Monday, Dec. 20, 1948

Trouble in Mink

As he does every year about this time, bronzed, husky Herbert A. Nieman was grading pelts on his silver fox farm near Hermansville, Mich. But this year pelting was different. Nieman, the biggest U.S. breeder of silver foxes, was almost ready to pelt out of the fox-breeding business for the next few years. Last spring he killed off 15,000 pups; this-season his kill (by electrocution) will be 30,000 more foxes. He will keep a small breeding stock of only 1,250 pairs for next year.

The reason for this year's big kill was a spectacular drop in the price of fox furs. Pelts that brought as much as $32 apiece before the war were selling this fall for as little as $12. Nieman, who figures it costs him about $30 to raise a fox to maturity, stood to lose $18 on each pelt he sold this year.

Many other fox breeders, including his brother-in-law, had switched their farms to mink, but Nieman did not think the shift worthwhile. Though mink are cheaper to raise (their feed costs from $10 to $14 a year), Herb Nieman thinks that mink will soon be overproduced, too. And mink raisers, who were getting as little as $11 a pelt (as against $20 last year), were wondering whether they will meet costs.

The -slump is not only in high-priced furs. In the Louisiana bayou country, where trappers sold $11 million worth of muskrat, raccoon, opossum and other cheap furs last year, there were few buyers as the 1948 trapping season opened. Fur dealers were still loaded up with last year's skins.

The gloom deepened as the fur auction season started last week in Manhattan.
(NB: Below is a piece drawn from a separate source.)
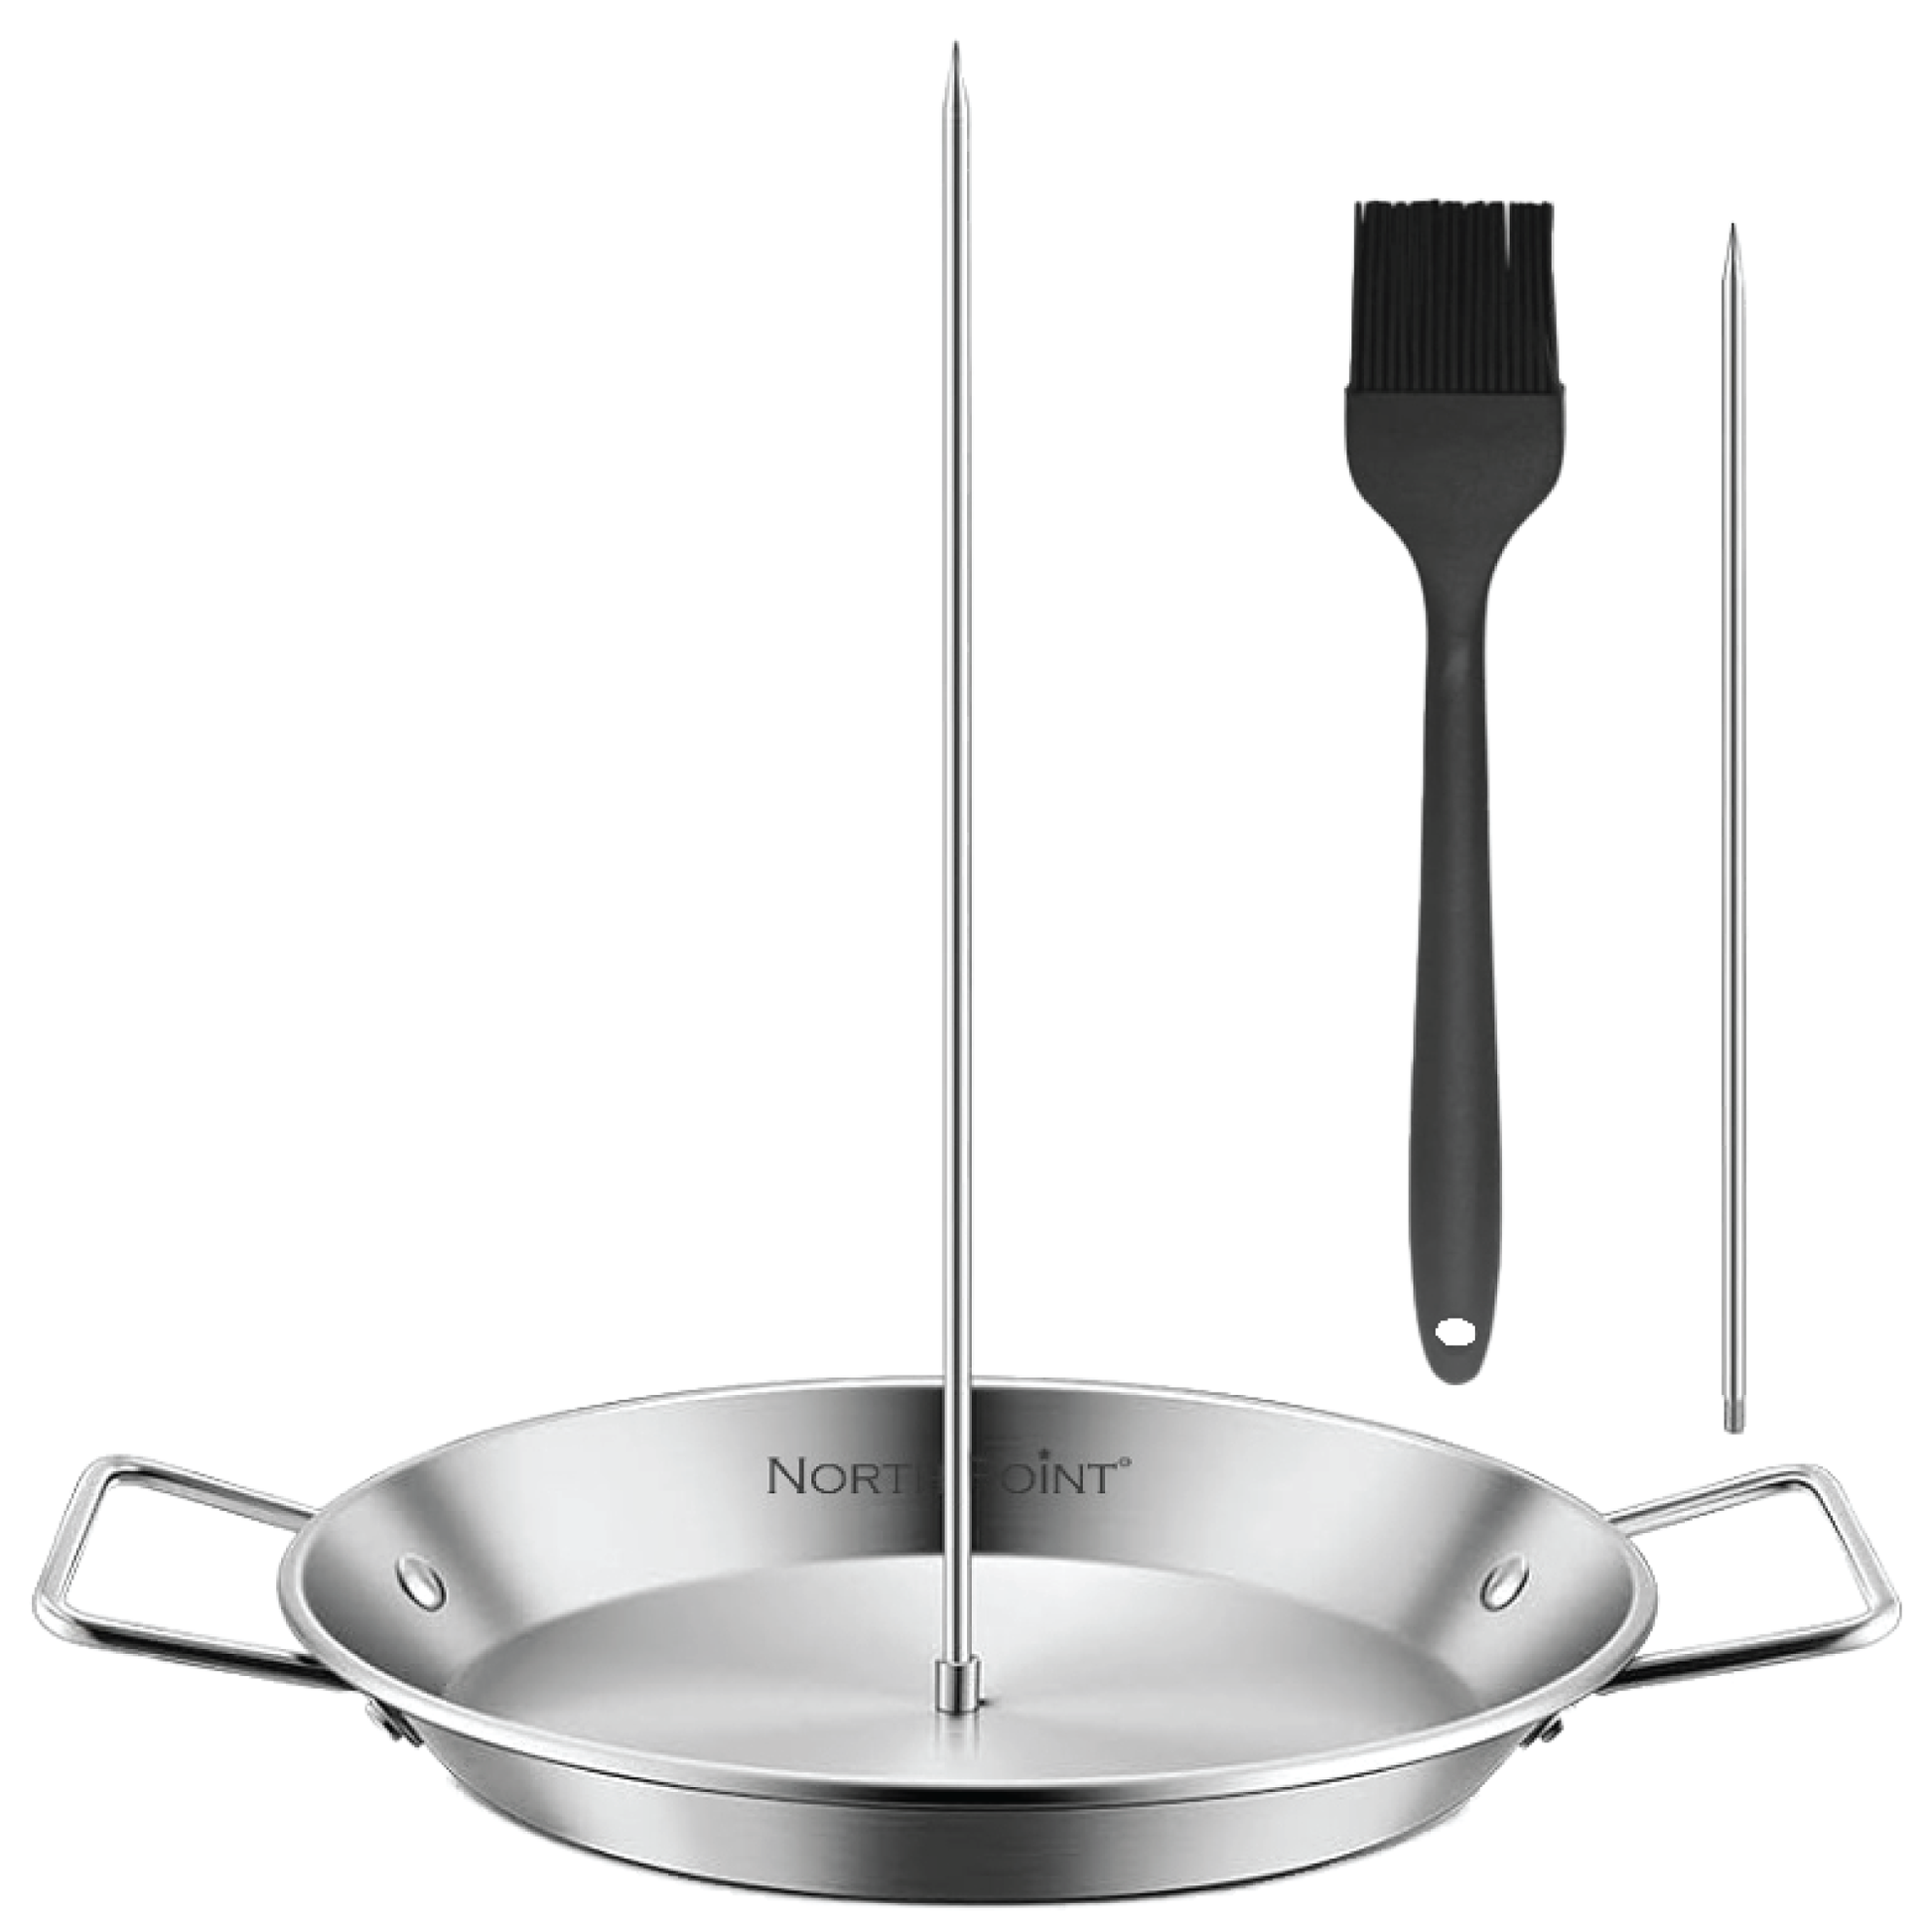 A stainless steel grill pan with 2 skewers and 1 black basting brush, part of the North Point® 4 Piece Skewer Grill Topper Set.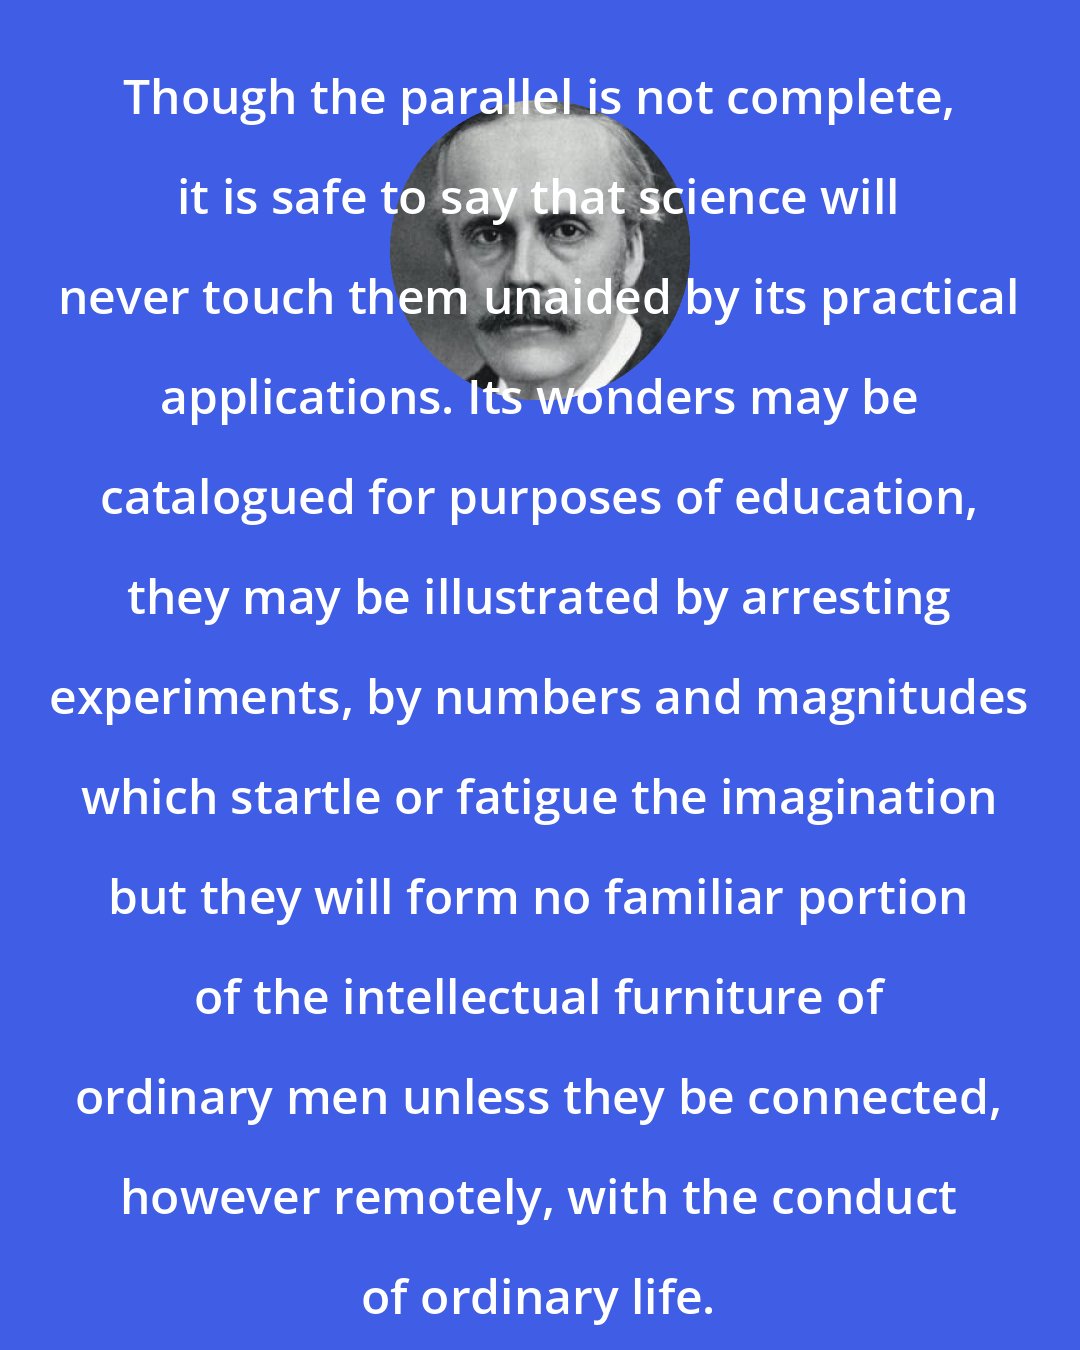 Arthur Balfour: Though the parallel is not complete, it is safe to say that science will never touch them unaided by its practical applications. Its wonders may be catalogued for purposes of education, they may be illustrated by arresting experiments, by numbers and magnitudes which startle or fatigue the imagination but they will form no familiar portion of the intellectual furniture of ordinary men unless they be connected, however remotely, with the conduct of ordinary life.

Even in the rarer types (e.g., Silverblumink) only half the pelts offered were sold; in the top quality dark ranch mink, prices were off 30 to 50% from last year.

The breeders' woes were echoed by fur retailers. In a season when fur sales should be booming, business was so slow that retail prices were being cut as much as 50%. One big reason for buyer resistance was the 20% federal tax.

Furriers were digging foxholes for a long bout with the buyers' strike. Manhattan's I. J. Fox, Inc., biggest U.S. fur retailer, canceled plans for four new New York City stores, decided instead to lease fur departments in smaller department stores all over the U.S. By plugging lower-priced furs, the company--like other furriers--hoped to make up in mass sales for the slump in its luxury coats.